Florida law provides for four alternate, abbreviated procedures other than Formal Administration.
Until January 1, 2002, Family Administration is generally available if beneficiaries consist solely of a surviving spouse, lineal descendants (i.e., children, grandchildren, great grandchildren, etc.) or lineal ascendants (i.e., parents, grandparents, great grandparents, etc.), and the value of the gross estate for federal estate tax purposes is less than $60,000.
Summary Administration is generally available if the value of the estate subject to probate in Florida (less property which is exempt from the claims of creditors) is not more than $25,000 or the decedent has been dead for more than two years. Beginning January 1, 2002, the $25,000 amount referred to above changes to $75,000.
Under Family Administration and Summary Administration, the persons who receive the estate assets remain liable for claims against the decedent for two years after the date of death. This period may be reduced in Summary Administration by publication of notice in a local newspaper. In a Family Administration, the two-year period may be reduced by using Formal Administration until all claims of creditors have been barred.
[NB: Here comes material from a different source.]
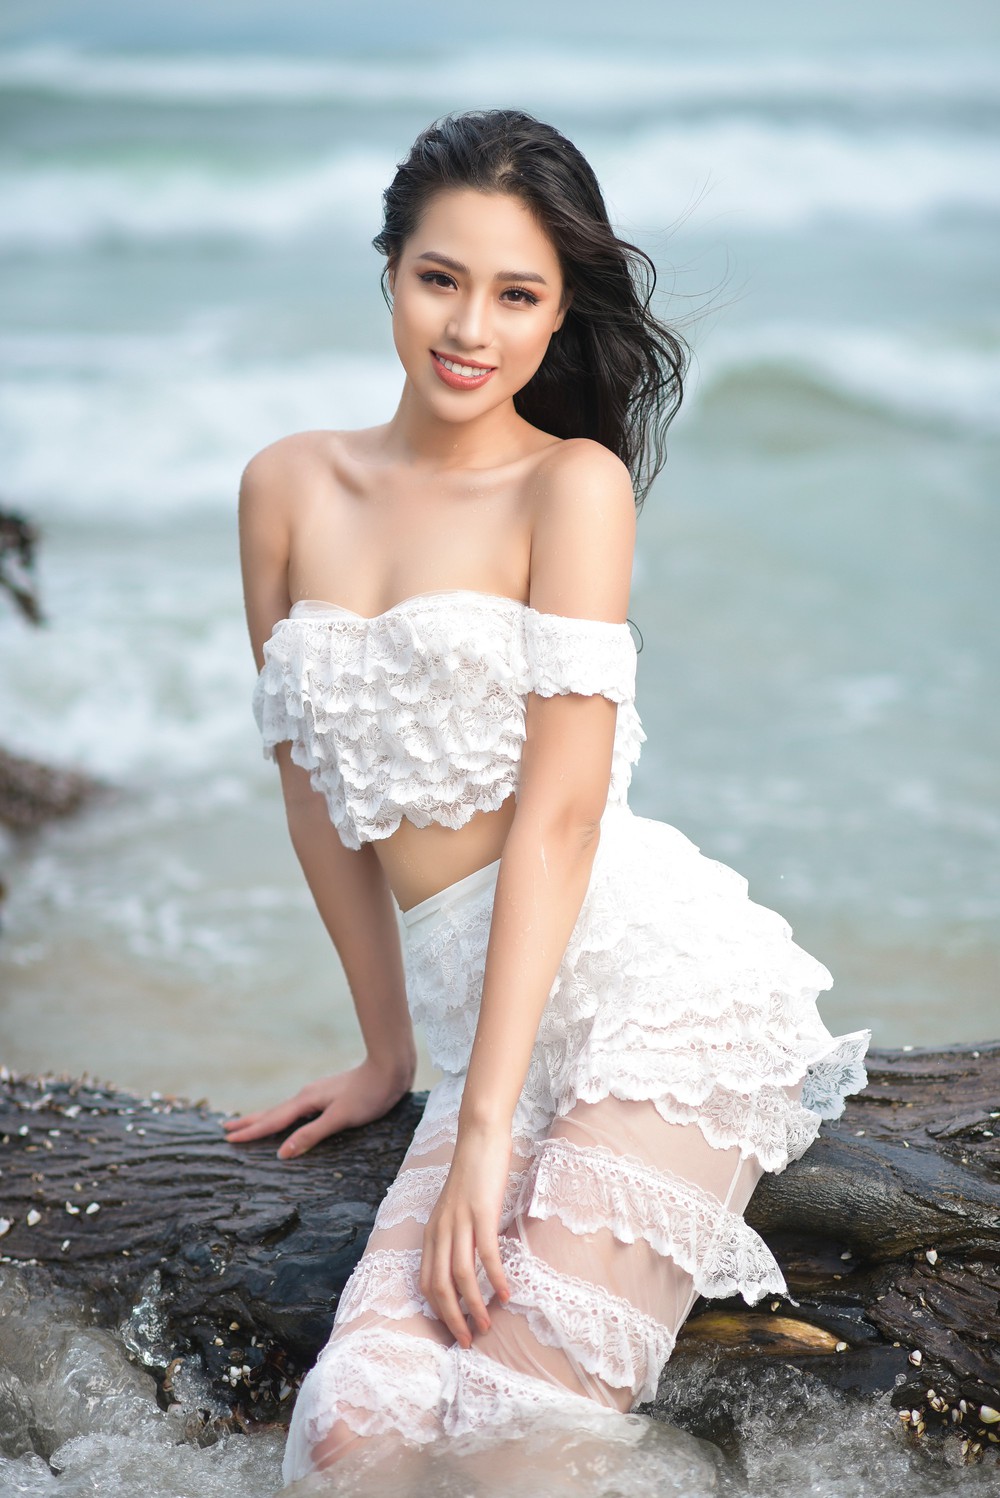 Vẻ gợi cảm của người đẹp sinh năm 2000 gây tiếc nuối nhất tại Hoa hậu Việt Nam 2018 - Ảnh 10.

The third alternative to Formal Administration is “Disposition Without Administration.” This is available if estate assets consist solely of exempt property (as defined by law and the Florida Constitution) and non-exempt personal property, the value of which does not exceed the combined total of up to $6,000 in funeral expenses, plus the amount of all reasonable and necessary medical and hospital expenses incurred in the last 60 days of the last illness.
The fourth alternative to Formal Administration is only available for decedents who were not Florida residents as of death. This is to admit the will of a nonresident decedent to record, if certain requirements are met and the will devises Florida real estate or any right in Florida real estate. When admitted to record in any Florida county where the real estate is located, the “foreign will” serves to pass title to the real estate as if the will had been admitted to probate. This procedure is available only if either two years have passed from the decedent’s death or the domiciliary personal representative has been discharged and there has been no estate administration in Florida.